Twill material is distinguished by diagonal lines visible in the weave. A herringbone or chevron weave is created when the direction of the diagonal lines is reversed at set intervals across the fabric. When you pull on your favorite pair of jeans, you’re wearing twill. Same goes for your khakis and gabardine clothing. Cotton twill fabric is often used in dress shirts for men and women, as well as in casual button-up shirts in solids, plaids, and patterns.

Twill is one of the three basic textile weaves, along with plain weave and satin weave. The woven fabric has been popular since at least the Middle Ages because of its combination of strength and appealing drape; no surprise then that modern manufacturers should also lean on twill for wardrobe essentials like slacks.

Corduroy: Stylish Ridges

Corduroy is a durable, cozy fabric that can be made from either a twill or plain weave, but will always feature the familiar vertical cords or ‘wales.’ The wales are tufted to create the velvety feel of corduroy. Wide-wale cords have larger ridges set wider apart, while fine-wale cords have very narrow ridges that are set close together.

The history of corduroy begins with its fabric predecessor, fustian—a thick cotton and linen textile thought to originate in Egypt in 200 A.D. Production of the material spread through the Mediterranean and Europe, and the weave eventually evolved into corduroy, as well as its luxurious cousins, moleskin and velveteen.

Because of its rugged quality, corduroy was worn as sporting attire by royalty and as everyday wear by their servants. The robust fabric would go on to become the 19th century workingman’s uniform, when it was called ‘the poor man’s velvet,’ before settling into today’s warm, casual duds comfortable at work and play.

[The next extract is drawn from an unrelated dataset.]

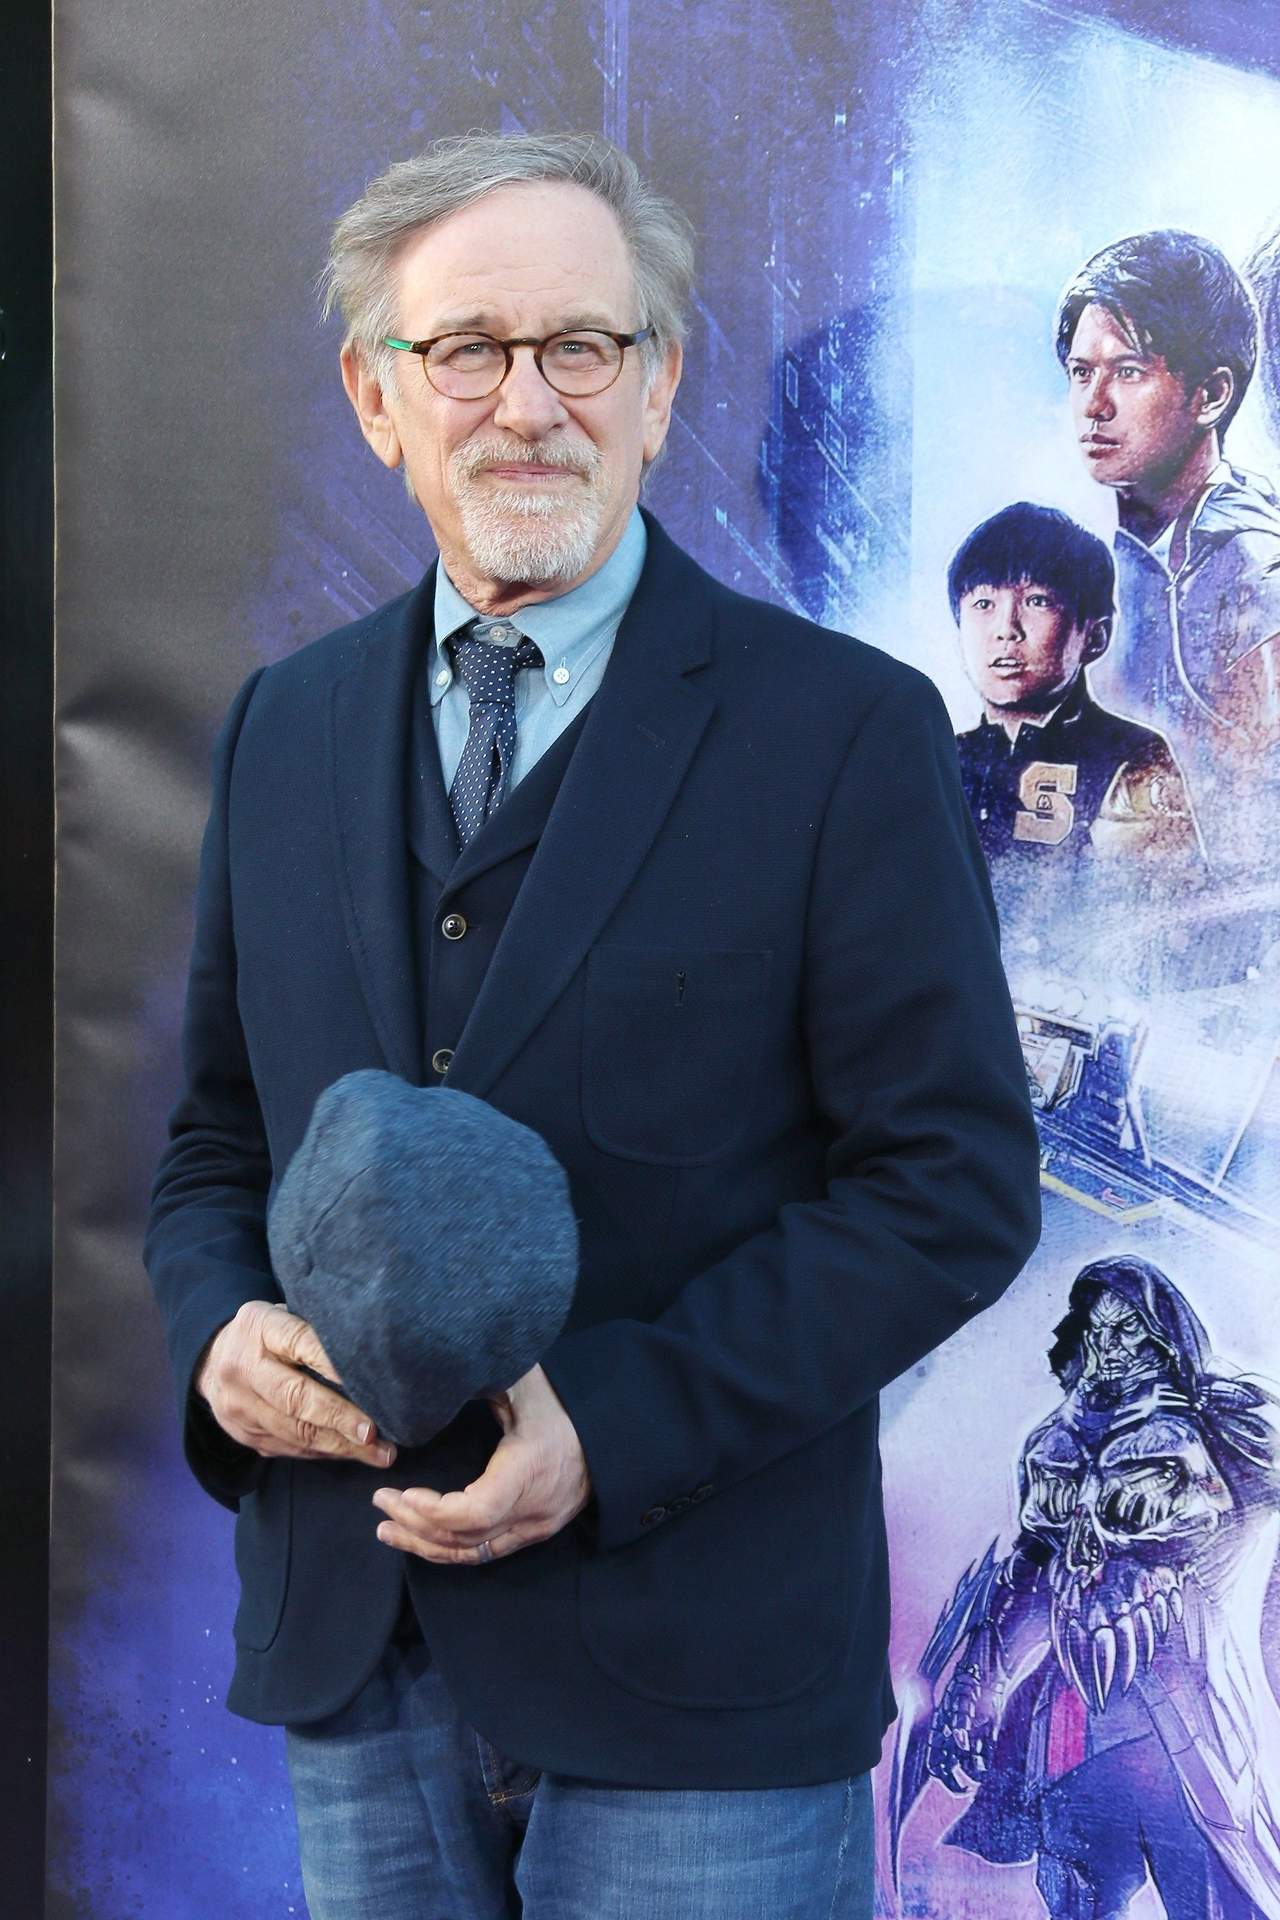  Steven Spielberg será el encargado de producir la miniserie sobre la vida de Hernán Cortés. (ARCHIVO)

And if you’re wary of cords, there’s no need. These aren’t the rigid cords of your childhood that made a ‘swish, swish’ sound when you walked. Most cords now include a bit of stretch for a modern fit, and the ridges are too refined to make a ruckus.

Chinos: Classics for a Reason

The classic chino pant is most likely where you’ll find this familiar fabric, but its tight weave and lightweight 100% cotton or cotton-blend iterations make it useful for any article of clothing. Chino fabric can have a smooth or brushed surface and is valued for its wear-with-anything ease. Chinos and khakis are often conflated, but chinos differentiate themselves with a flat front and streamlined cut.

Like many clothing staples, chino pants have military roots. During the Spanish-American War, US soldiers in the Philippines wore lightweight uniforms made from cotton twill woven in China. The uniform style was soon referred to as chinos, from the Spanish word for “China.” Following World War II, returning GIs solidified a permanent place for chinos in American civilian garb by wearing them on college campuses around the country. Soon thereafter they became popular among women and around the world. And though chinos are ubiquitous in their original cream color, they now come in a wide array of hues.

As for how to style your cords, chinos, and twill trousers? You’ve got countless options. A pair of slim-fit cords in a sumptuous color is perfect for a relaxed office party. Chinos are weekend-ready worn with a slub tee, and first-date ready with a twill dress shirt and elegant belt. The best part about all these fabrics is they can be the understated foundation of a great outfit or, in an eye-catching color, they can be the centerpiece of your look. Corduroy versus chino versus twill? They all emerge as clear winners in your cool-weather wardrobe.